Effects of dietary vitamins on obesity-related metabolic parameters

The importance of thiamine availability in the thermogenic competency of human adipocytes

Brown and beige adipocytes express uncoupling protein 1 (UCP1), which is located in the inner mitochondrial membrane and facilitates the dissipation of excess energy as heat. The activation of thermogenic adipocytes is a potential therapeutic target for treating type 2 diabetes mellitus, obesity, and related co-morbidities.
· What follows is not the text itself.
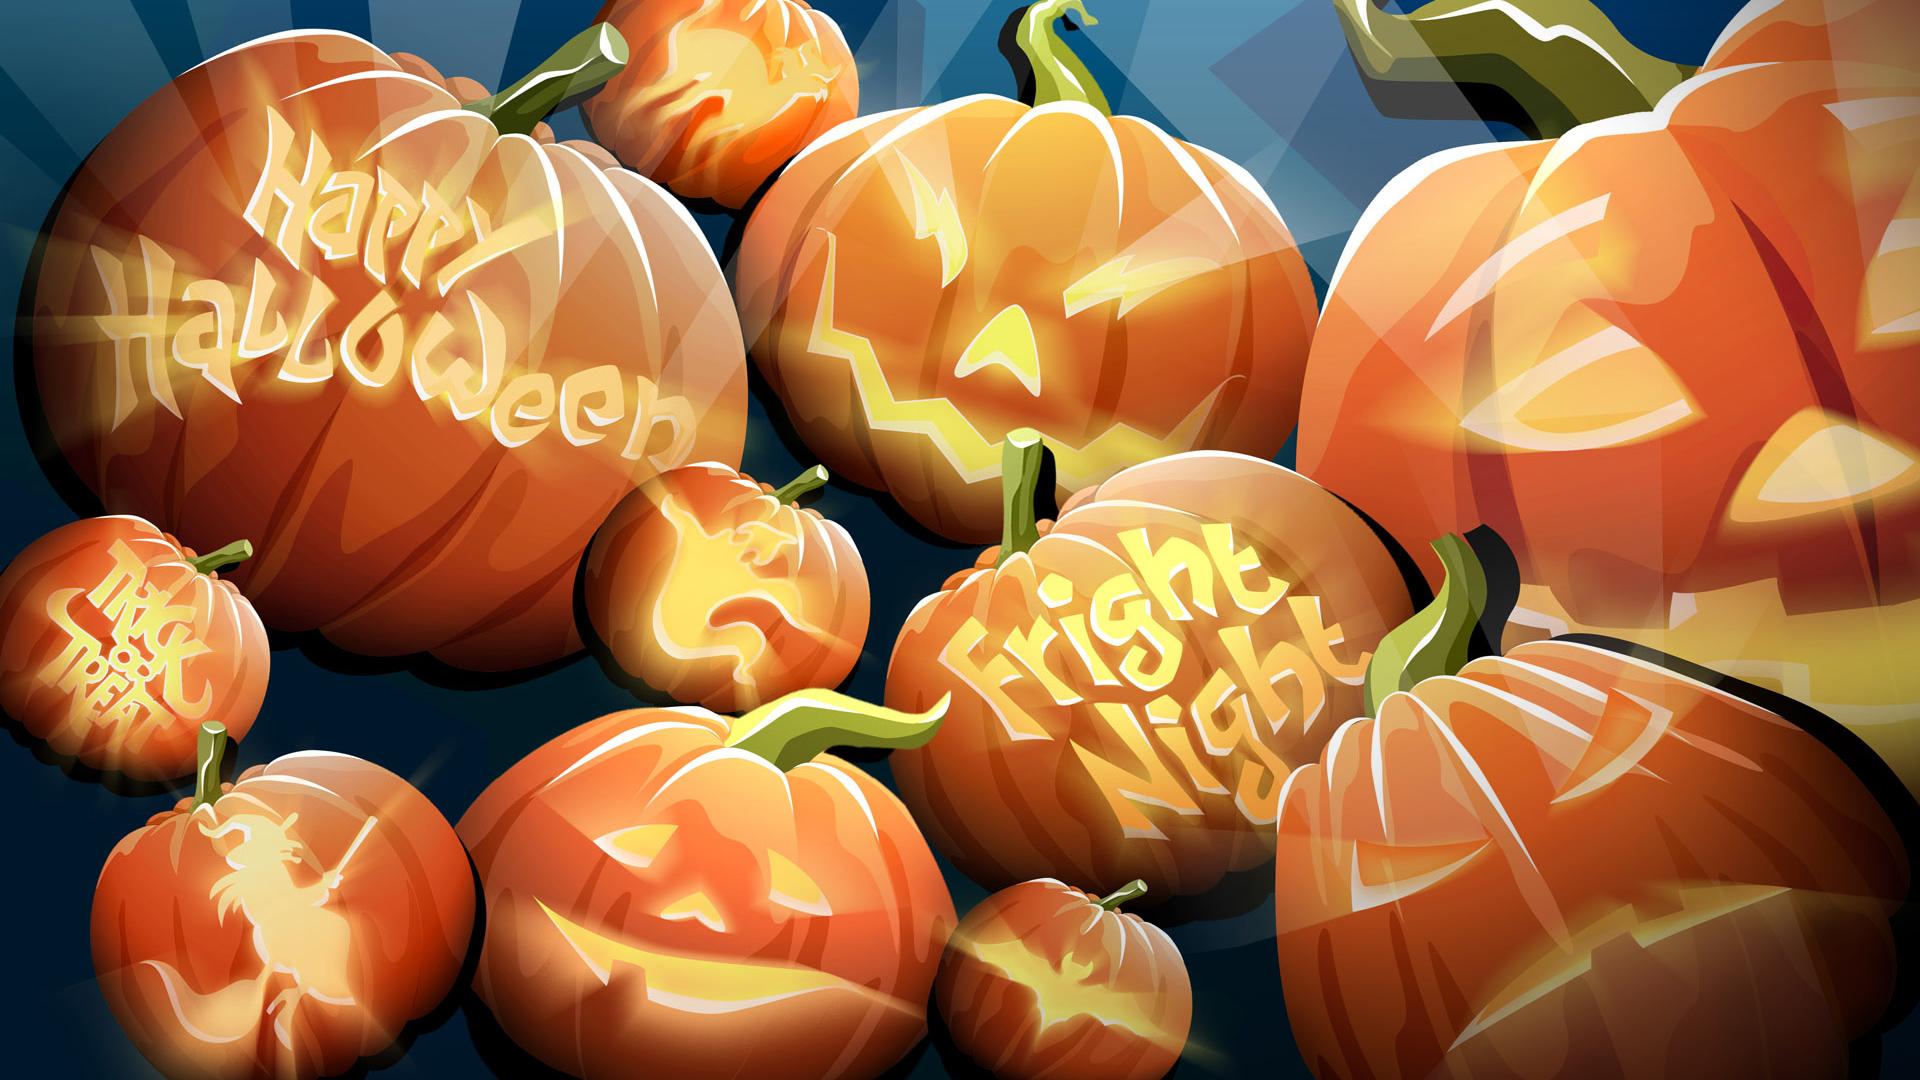 Fall wallpaper backgrounds with pumpkins wallpapersafari

Therefore, identifying novel approaches to stimulate the function of these adipocytes is crucial for advancing therapeutic strategies. Currently, there are limited amount of human adipocyte cell line models available to study the regulatory mechanisms of browning and key players in thermogenesis. The Simpson-Golabi-Behmel syndrome (SGBS) preadipocyte cell line has been proven as a valuable model to investigate human adipocyte biology. In this study, we investigated how excess thiamine (vitamin B1), and the inhibition of thiamine transporters affect the expression of thermogenic markers and functional parameters during adrenergic stimulation in SGBS adipocytes. We found that limiting thiamine availability by pharmacological inhibitors impeded the dibutyryl-cAMP (db-cAMP)-dependent induction of thiamine transporter 1 and 2 (encoded by SLC19A2 and SLC19A3), UCP1, PGC1a, and other browning markers, as well as proton leak respiration which is associated with UCP1-dependent heat generation. Contrarily, excess thiamine enhanced the db-cAMP-dependent induction of thiamine transporters, while UCP1, PGC1a, and other browning markers were upregulated. In addition, abundant amounts of thiamine increased the basal, unstimulated coupled and uncoupled respiration, and the expression of mitochondrial complex subunits. Our study highlights the critical role of excess thiamine in the thermogenic activation of SGBS adipocytes and its potential to enhance thermogenesis.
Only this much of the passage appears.